The WHO is committed to eliminating blinding trachoma by 2030 and recommends that all countries with endemic trachoma adopt the SAFE strategy: surgery (for trichiasis), antimicrobials (periodic community-wide treatment), facial cleanliness, and environmental improvement. Mass treatment of a community with single-dose oral azithromycin is safe, can dramatically reduce the prevalence of infection for up to 1 year after treatment, and reduces mortality in children. Annual azithromycin treatment is recommended for trachoma-endemic areas. However, trachoma can recur after mass treatment, due in part to decreased herd immunity. Repeated mass treatment (every few months) provides herd protection to the entire community.

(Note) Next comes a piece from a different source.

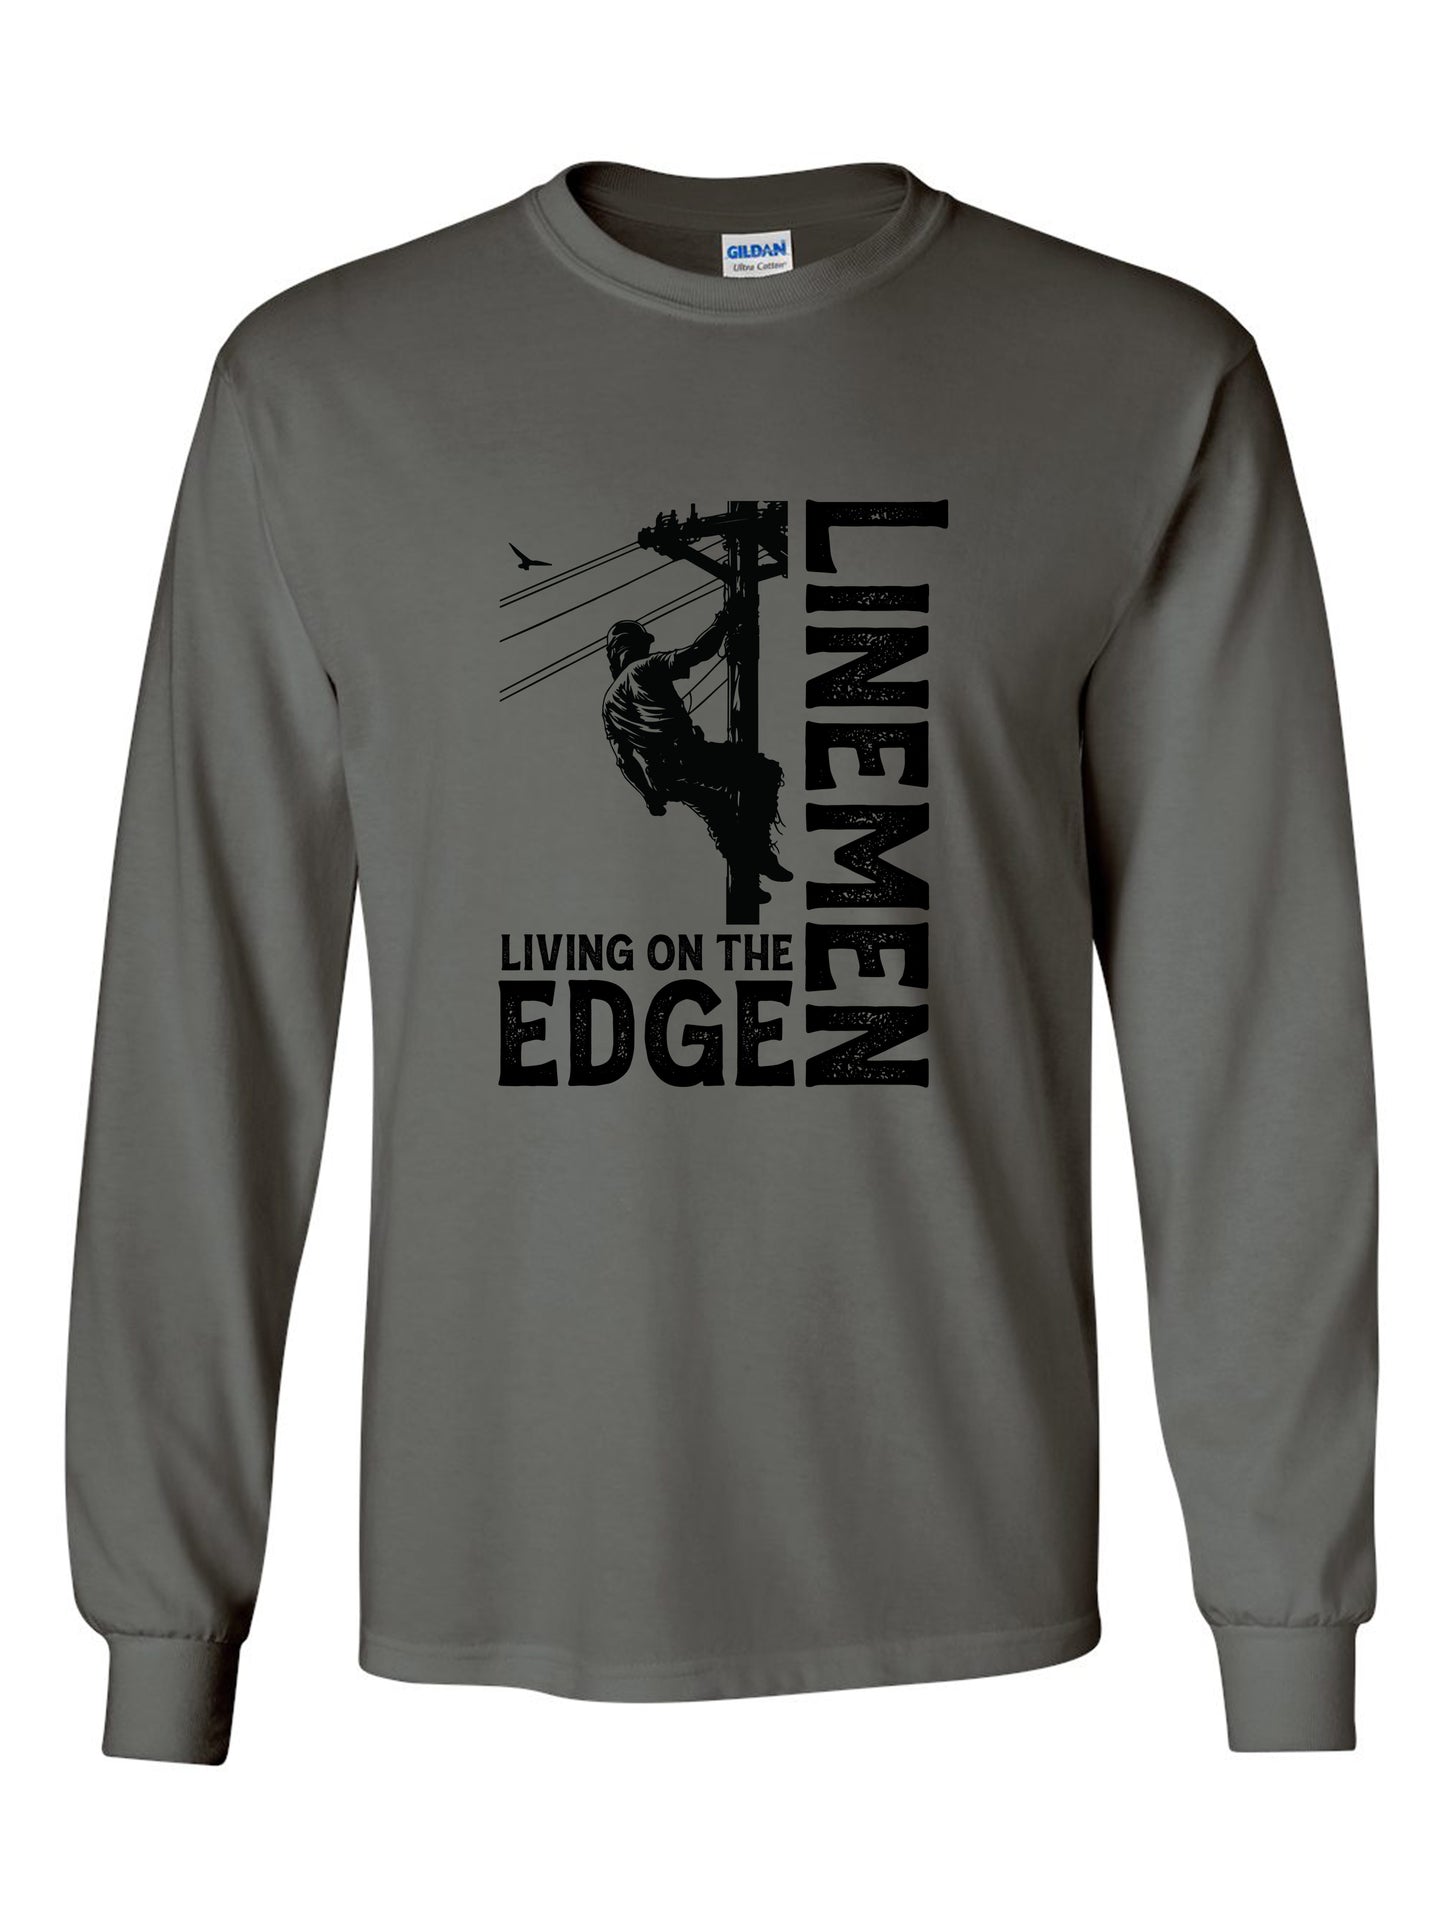 Lineman Living on the Edge - Ultra Cotton Relaxed Fit Long Sleeve Tee - Charcoal

Mass antibiotic treatment is unlikely to be successful as the sole intervention for eliminating trachoma if other factors that facilitate transmission are not addressed. Face washing and good hygiene help reduce the risk for transmission through contact with fingers and flies. Better environmental conditions through measures that reduce the density of flies in households and the community, improved waste management, and access to clean water can also limit transmission. Improvement in socioeconomic conditions in a community correlates with a decline in the prevalence of trachoma.

Sexually Transmitted Chlamydial Infections

Epidemiology

Chlamydia is the most prevalent bacterial sexually transmitted infection in the United States. About 1.6 million infections were reported to the Centers for Disease Control and Prevention (CDC) in 2020. The number of reported cases has increased since a chlamydia screening program was implemented, but data also support a true increase in the number of cases. Taking into account underreporting and underscreening, the CDC estimates that more than 2.8 million new chlamydial infections occur annually in the United States.

Higher prevalence rates of chlamydia have been associated with younger age sexually active adolescents and young adults, as well as with new or multiple sexual partners. The prevalence is highest in the Southeastern United States. The prevalence of chlamydia is higher in women than in men, but it is unclear whether this higher prevalence is due to higher screening rates in women or whether women may be more susceptible to acquisition or persistence of infection. The estimated total cost attributable to chlamydial disease in the United States exceeds $691 million annually. From a global perspective, WHO estimates that approximately 127 million new cases of chlamydia occur annually. In addition to the adverse effects on the reproductive health of women, chlamydia has a substantial impact on prenatal and perinatal outcomes, and it facilitates the transmission of human immunodeficiency virus (HIV).